You can use Spark SQL to develop streaming analytics jobs in EMR V3.21.0 and later. This topic describes the data sources supported by Spark SQL and methods to process data in the data sources.

Data sources

Data source Batch read Batch write Streaming read Streaming write
Kafka Supported Not supported Supported Supported
Loghub Supported Supported Supported Supported
Tablestore Supported Supported Supported Supported
DataHub Not supported Not supported Supported Supported
HBase Supported Supported Not supported Supported
JDBC Supported Supported Not supported Supported
Druid Not supported Not supported Not supported Supported
Redis Not supported Not supported Not supported Supported
Kudu Supported Supported Not supported Supported
DTS Supported Not supported Supported Not supported

Methods to process data in the data sources

You can use one of the following methods to process data in the data sources:

  • Command line

    1. Download the data source JAR package that has been precompiled.

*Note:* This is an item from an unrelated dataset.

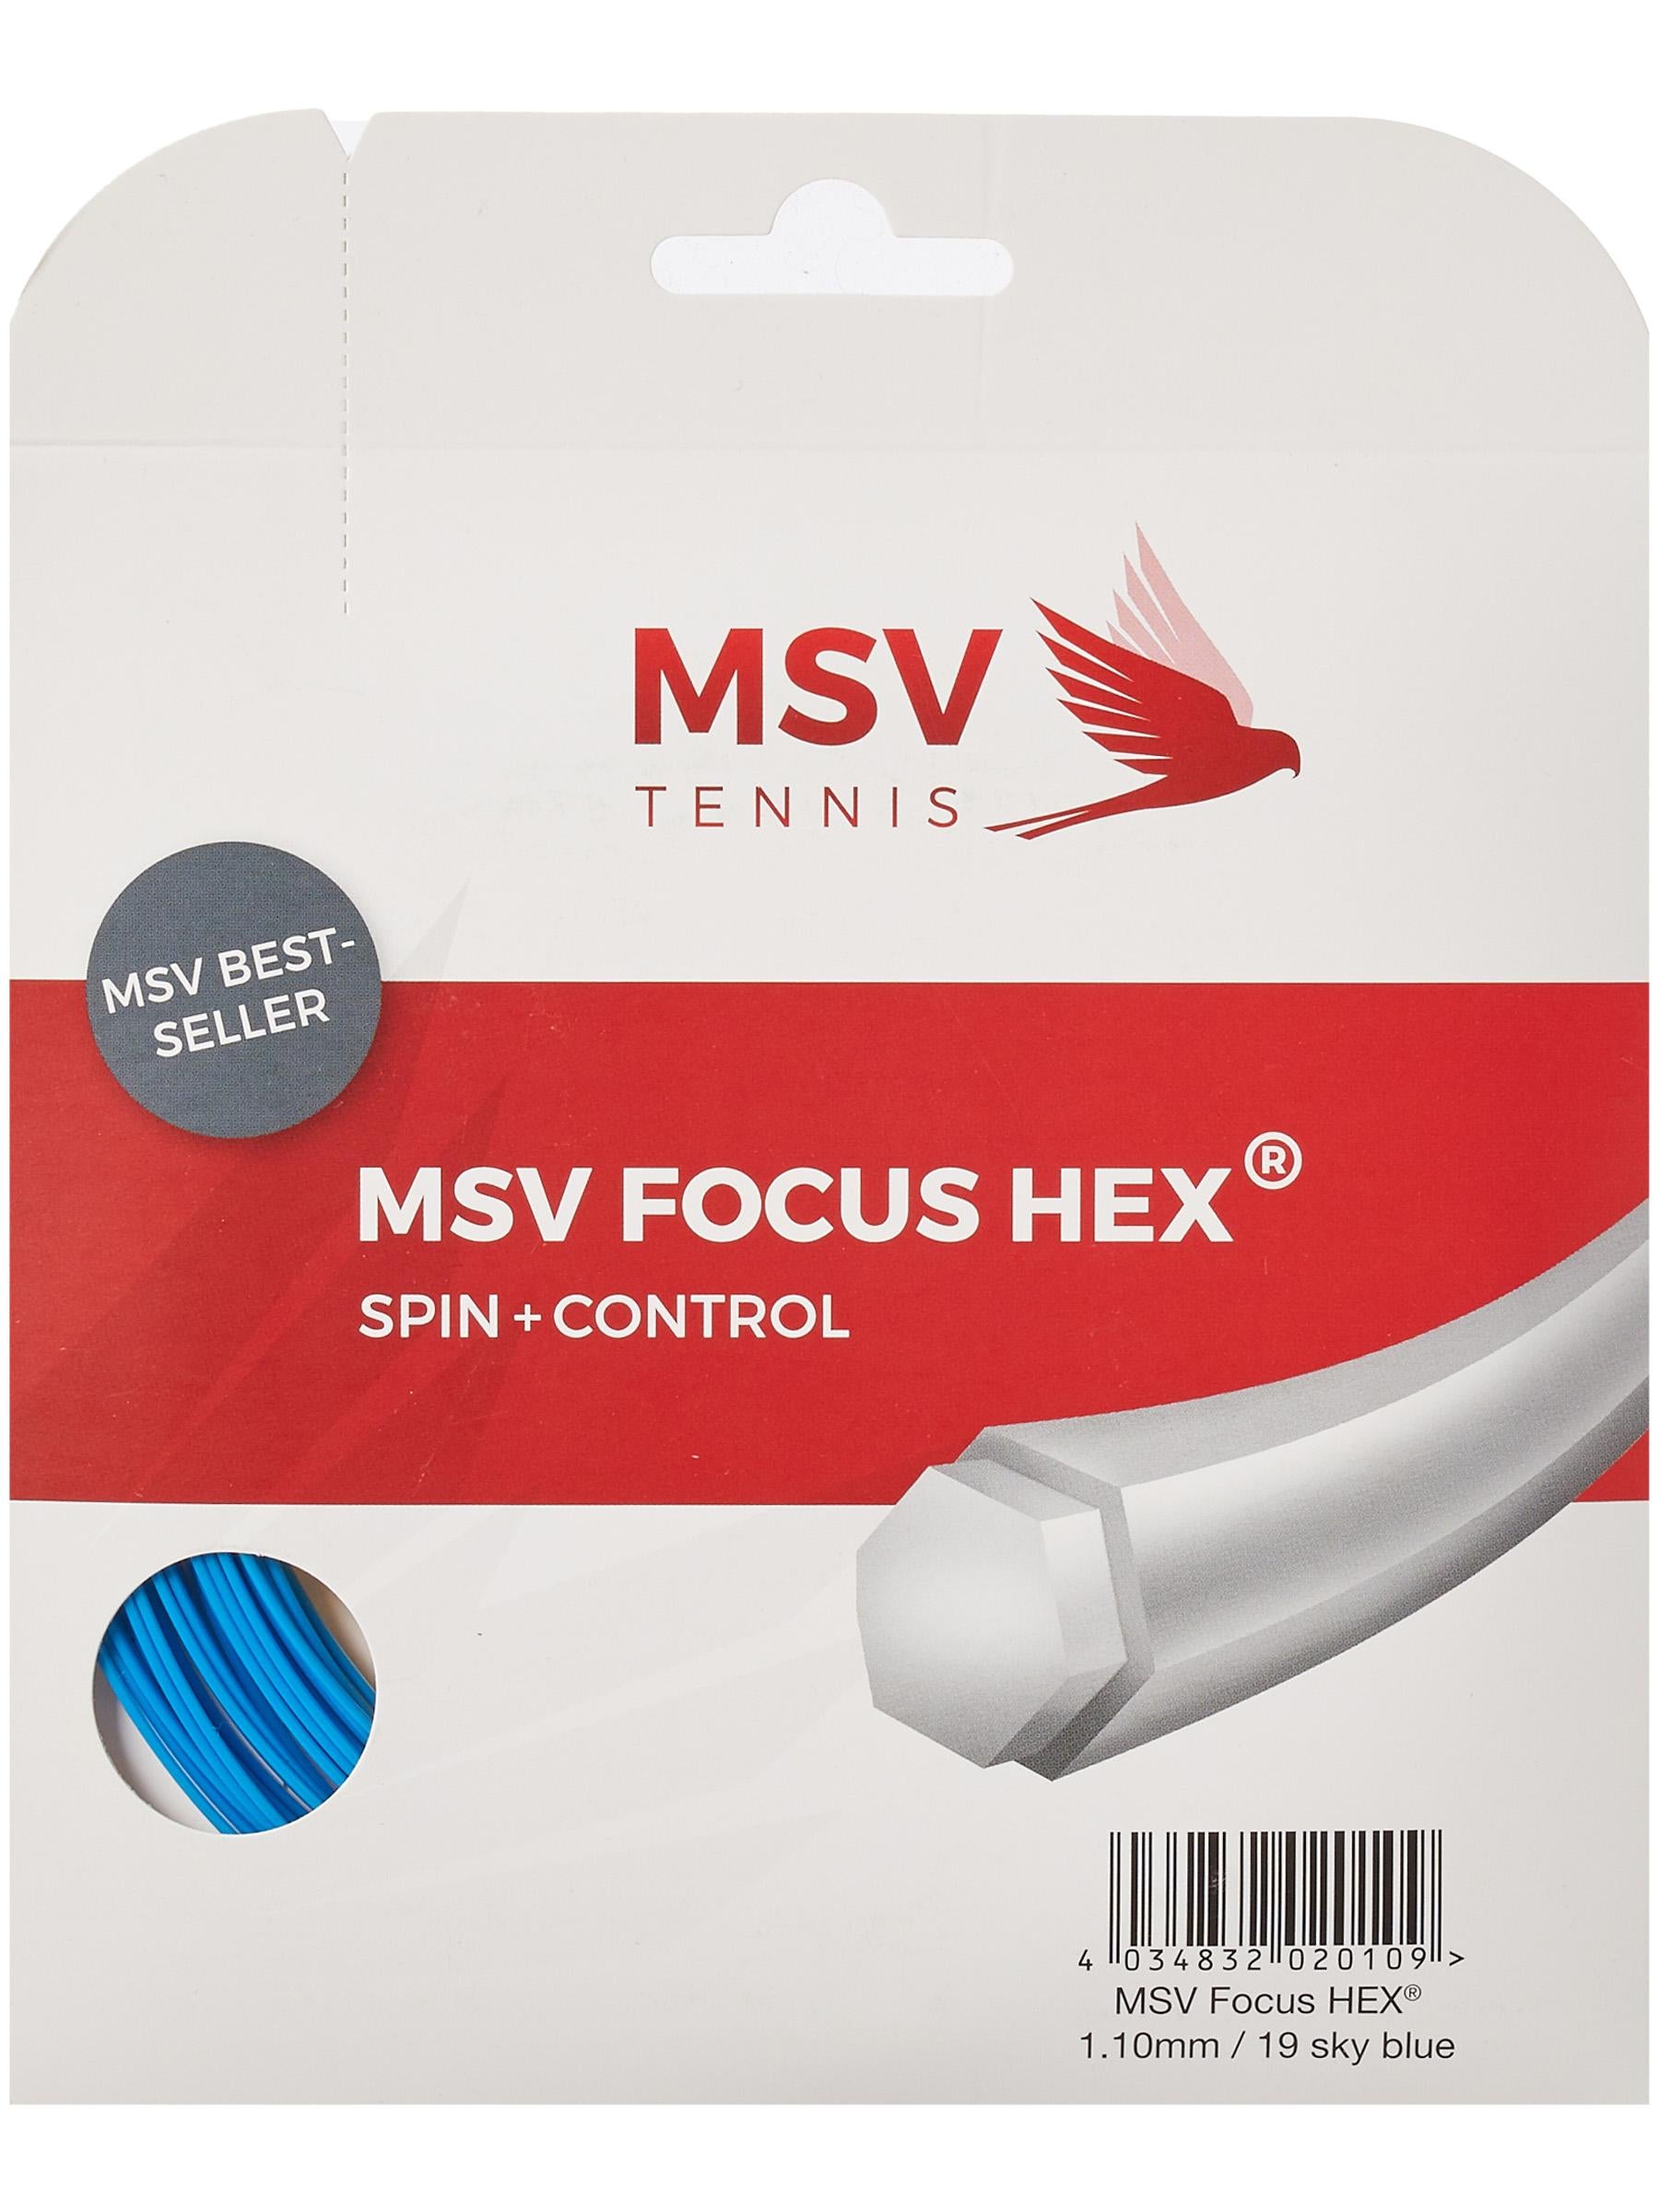 MSV Focus-Hex Soft 200M Schwarz Tennis Saitenrolle 200m Schwarz NEU

      The JAR package contains the implementation packages and related dependency packages of the Loghub, Tablestore, HBase, JDBC, and Redis data sources. The packages for the Kafka and Druid data sources are not contained in this JAR package and will be supplemented later. For more information, see Release notes.

    2. Use the streaming-sql command line for interactive development.
      [hadoop@emr-header-1 ~]# streaming-sql --master yarn-client --jars emr-datasources_shaded_2.11-${version}.jar --driver-class-path emr-datasources_shaded_2.11-${version}.jar
  • Workflow

    For more information, see Configure a Streaming SQL job.